Reproduce the listing below exactly, minus its pictures.

Collected material →

● ● ● ●

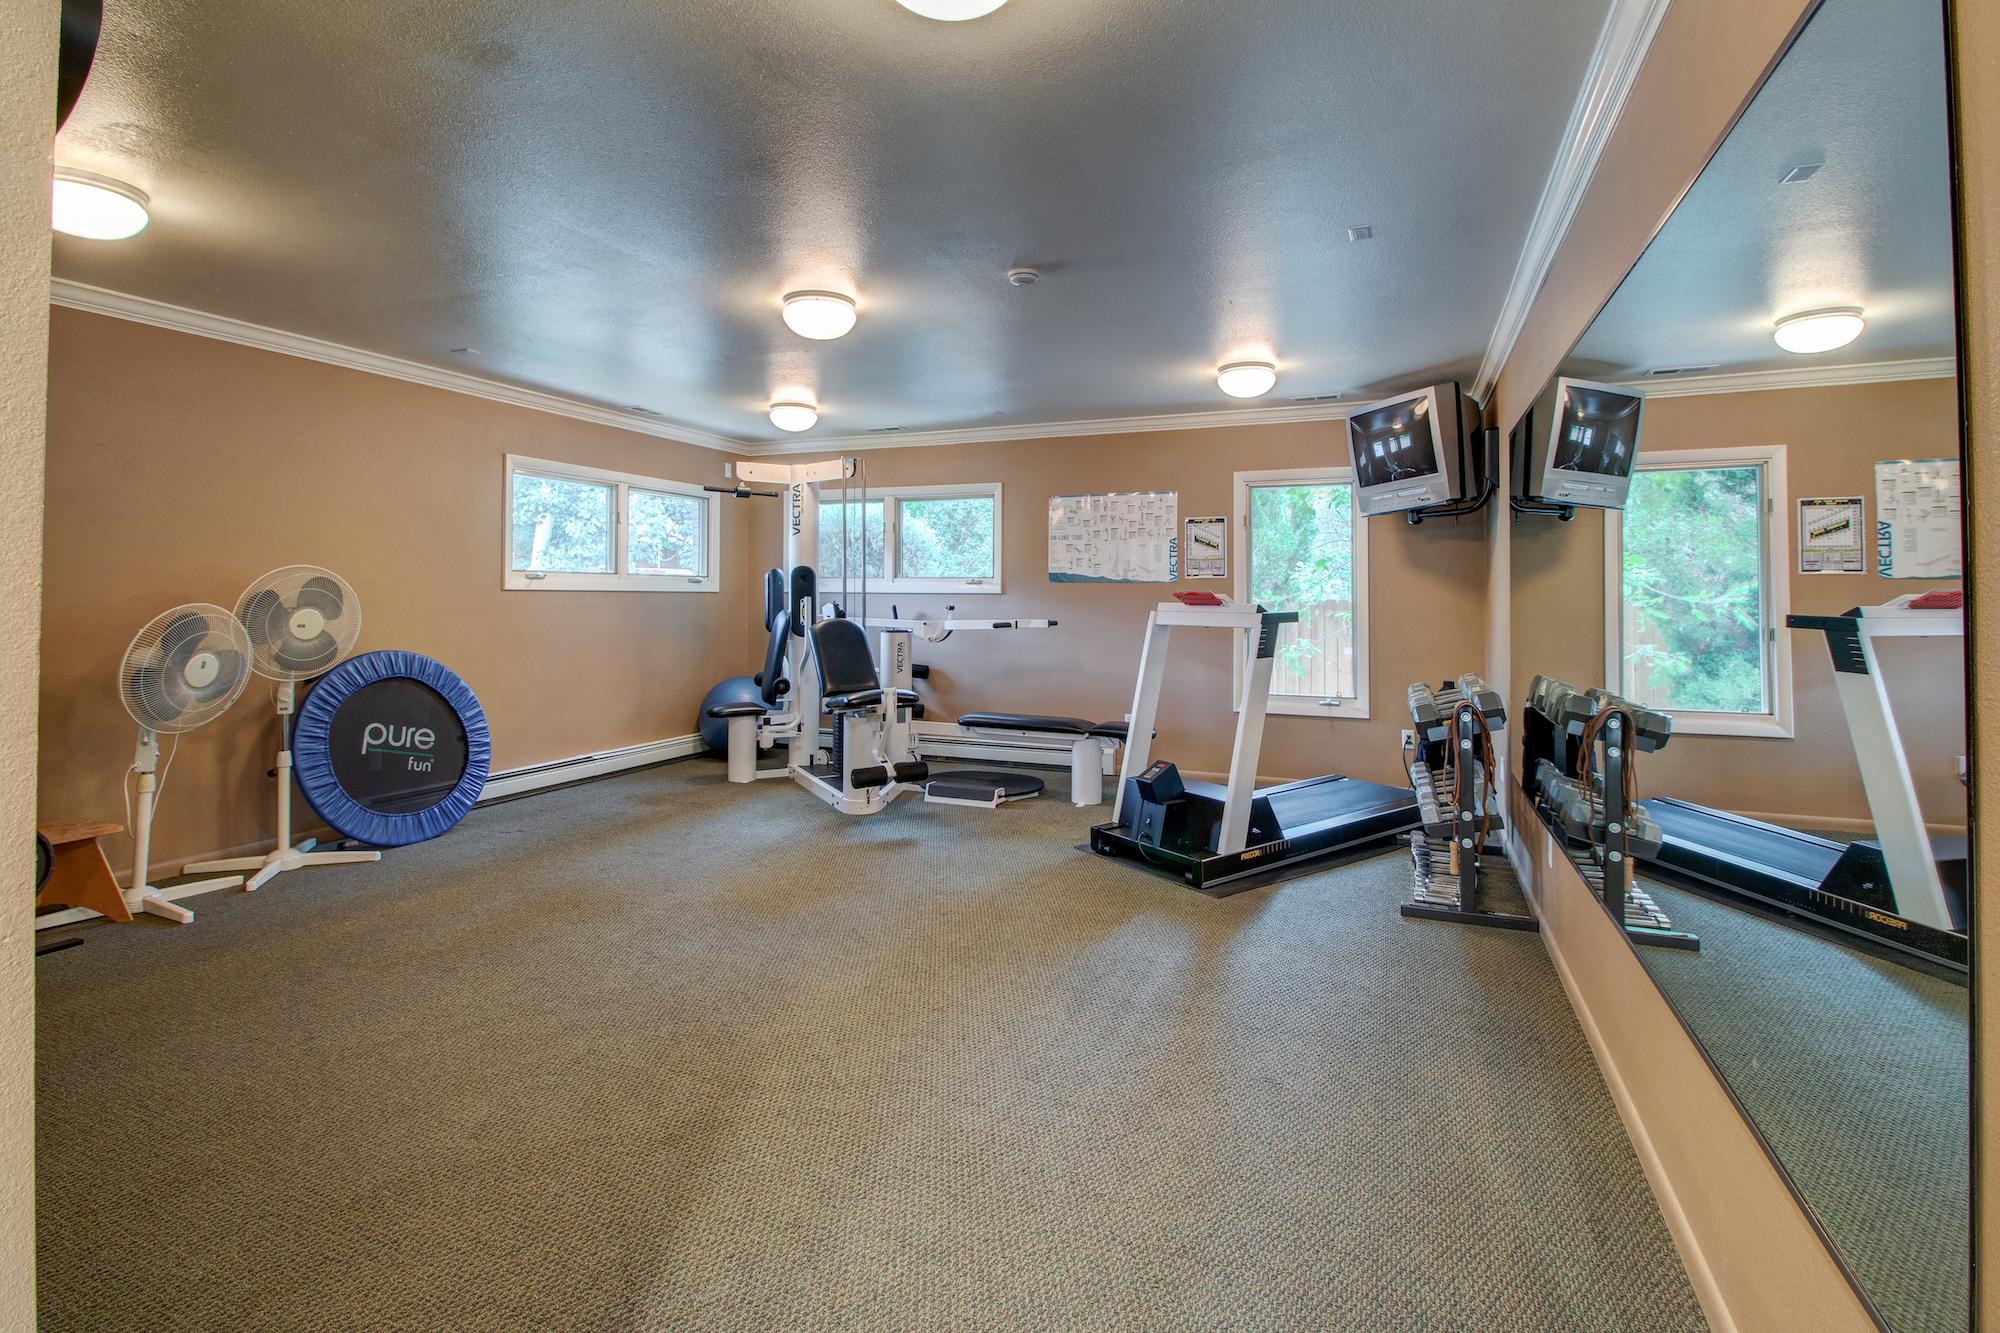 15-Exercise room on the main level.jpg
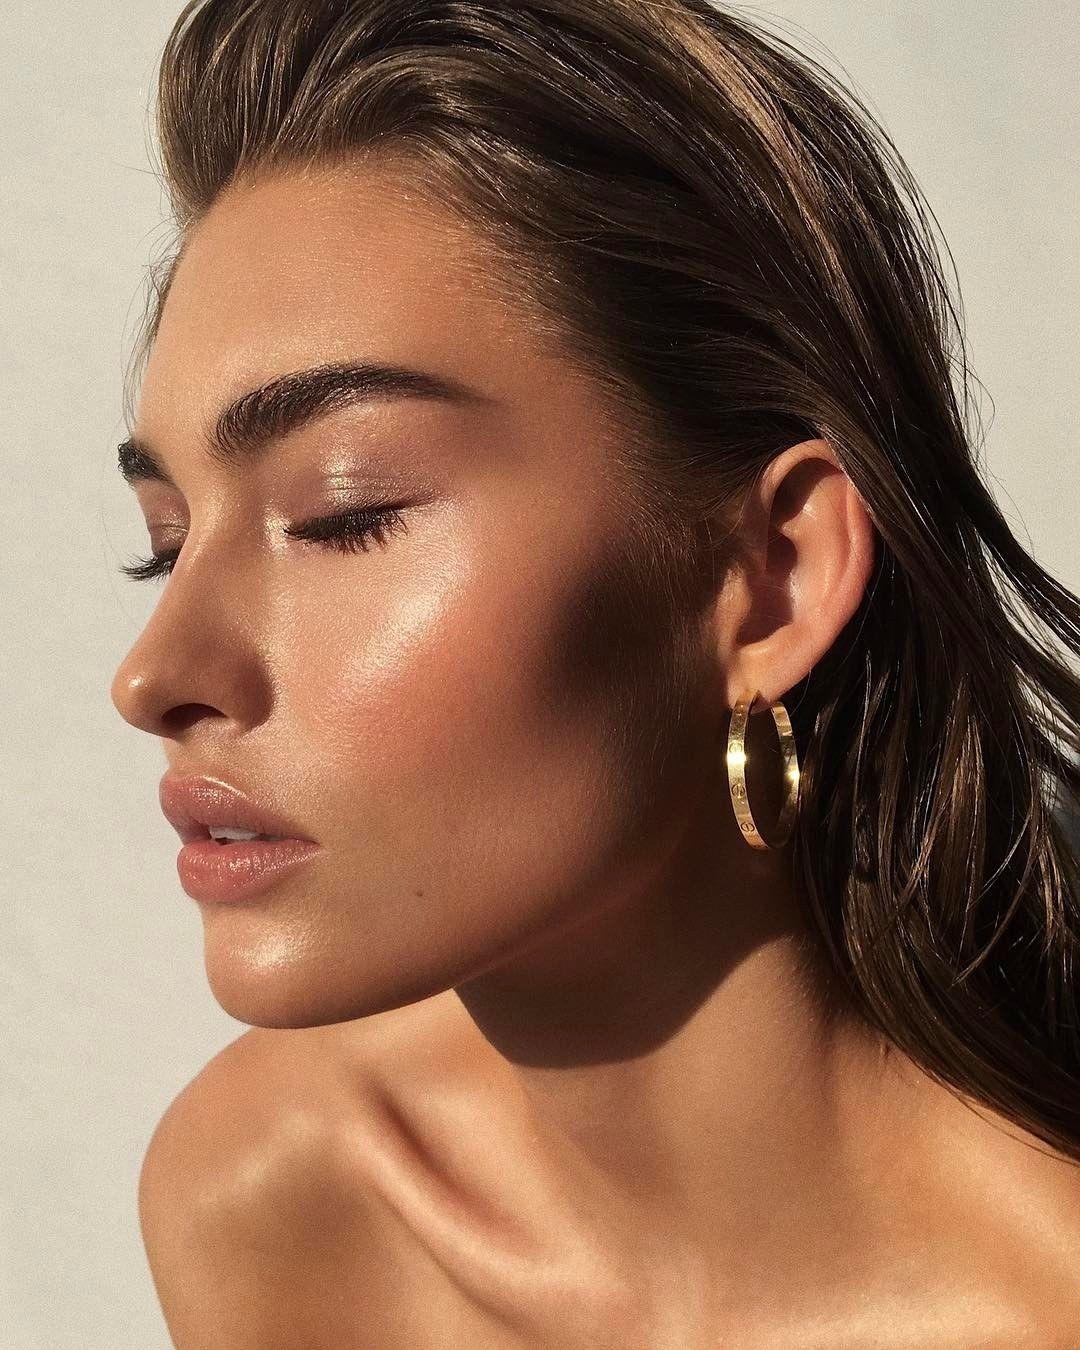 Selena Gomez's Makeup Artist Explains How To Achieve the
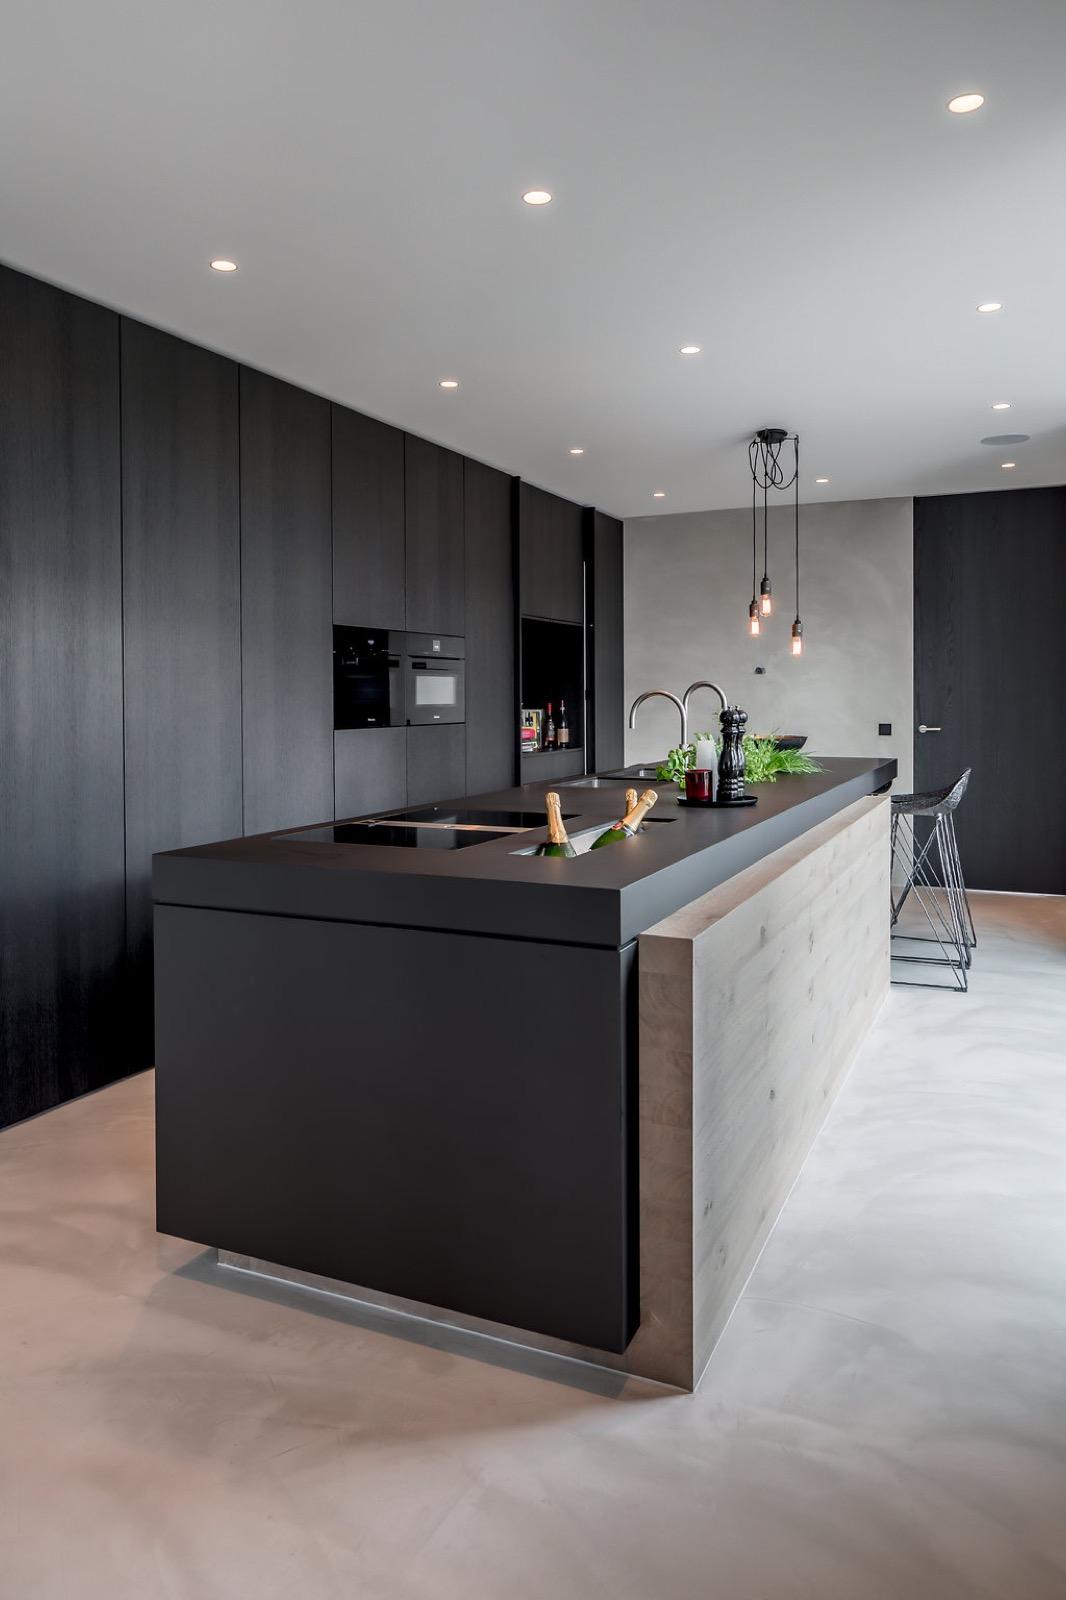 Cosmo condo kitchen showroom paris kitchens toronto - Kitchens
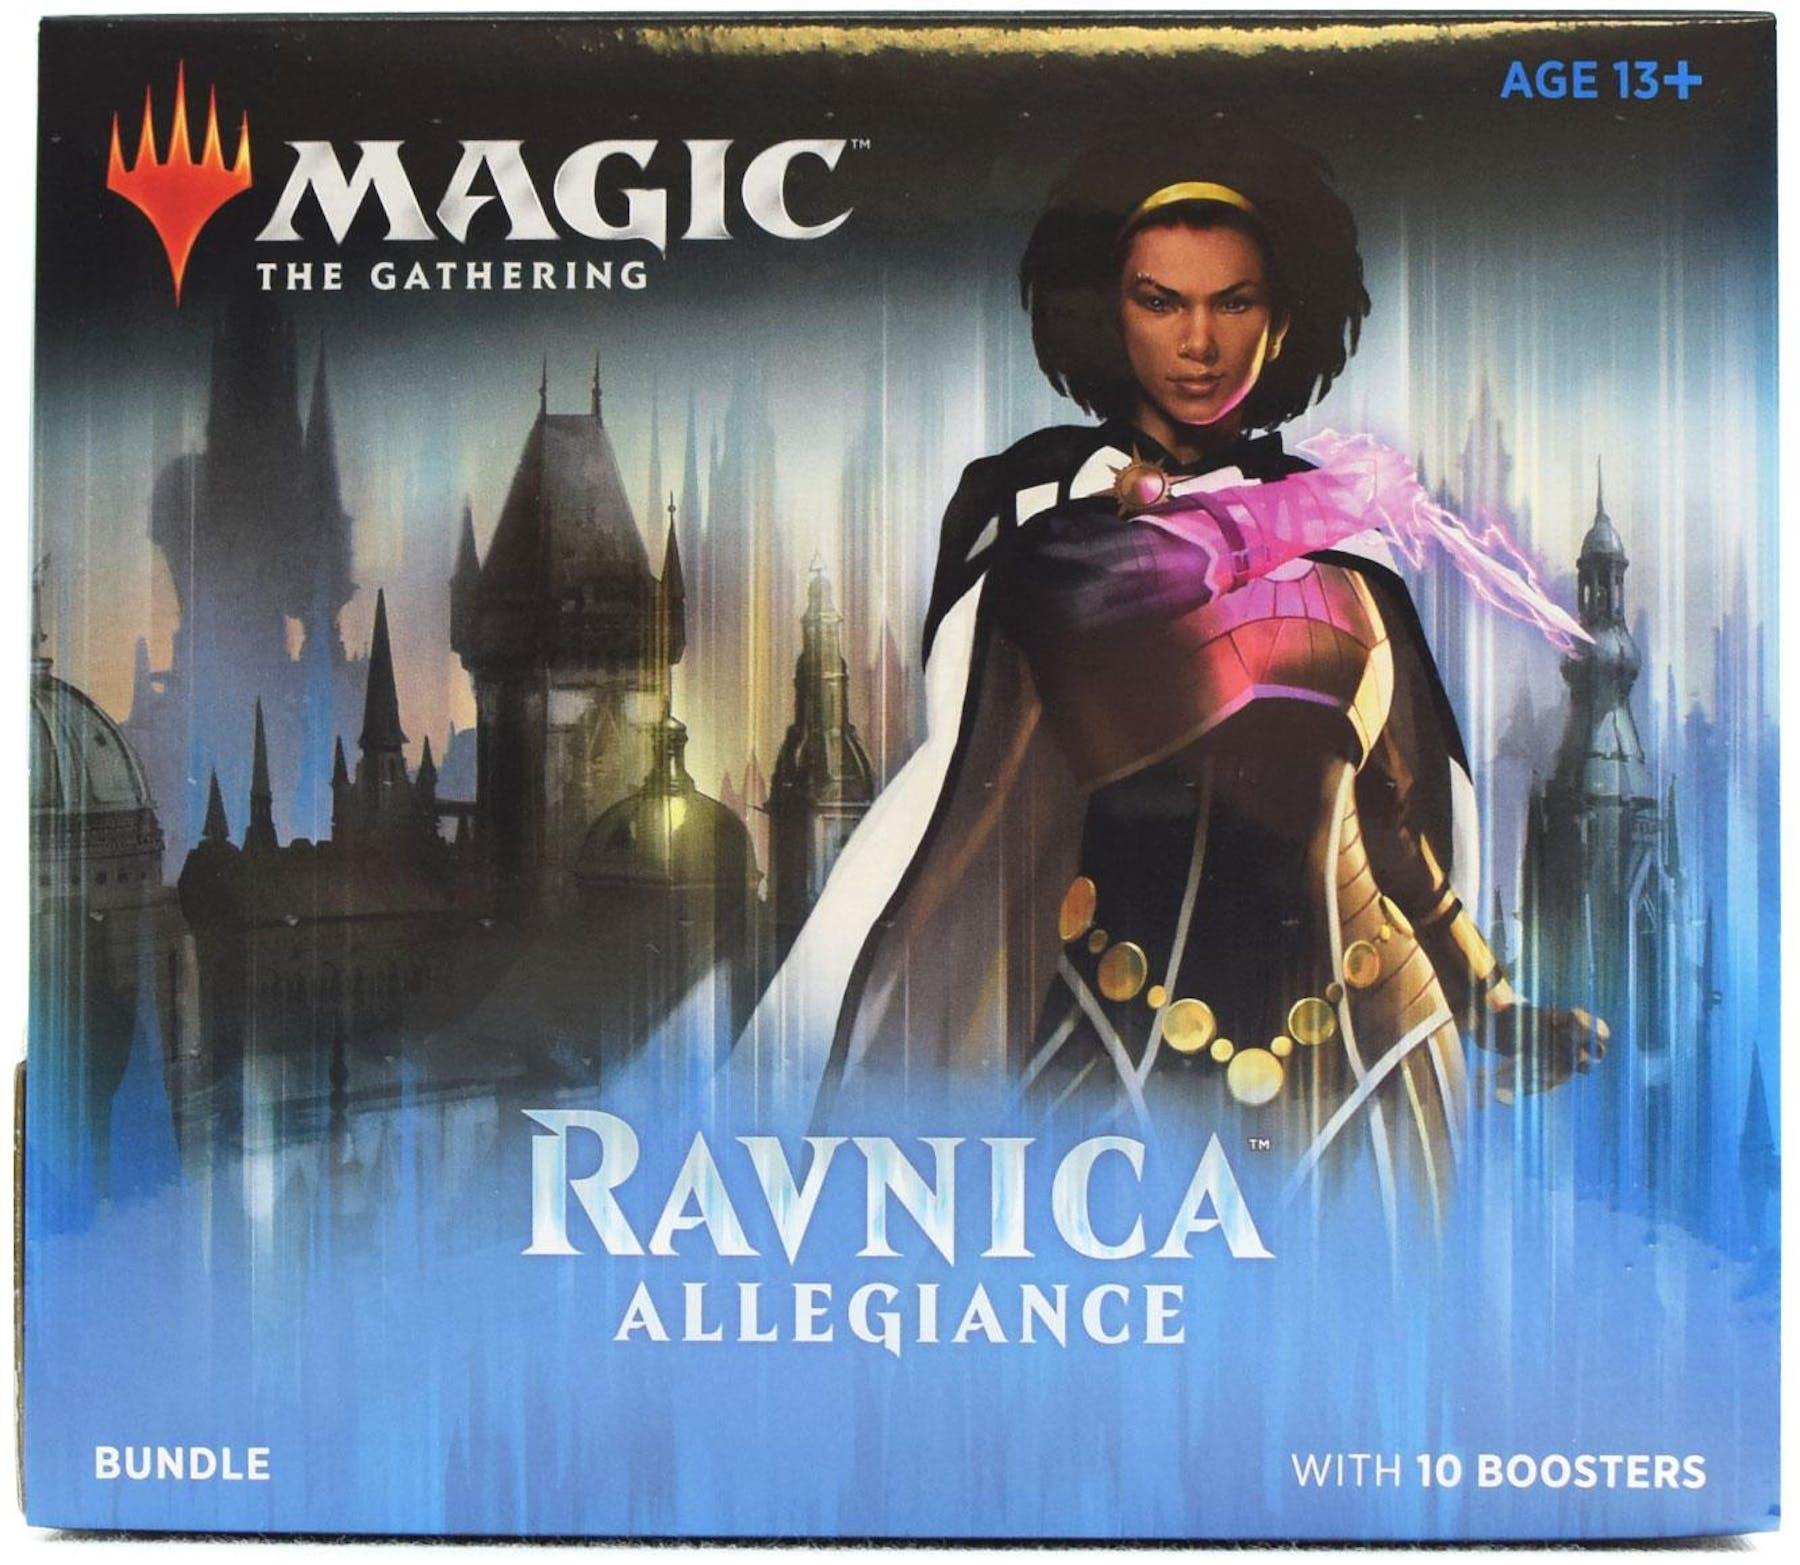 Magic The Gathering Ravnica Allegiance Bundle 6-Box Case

● ● ● ●

Result of this exercise →
 15-Exercise room on the main level.jpg
 Selena Gomez's Makeup Artist Explains How To Achieve the
 Cosmo condo kitchen showroom paris kitchens toronto - Kitchens
 Magic The Gathering Ravnica Allegiance Bundle 6-Box Case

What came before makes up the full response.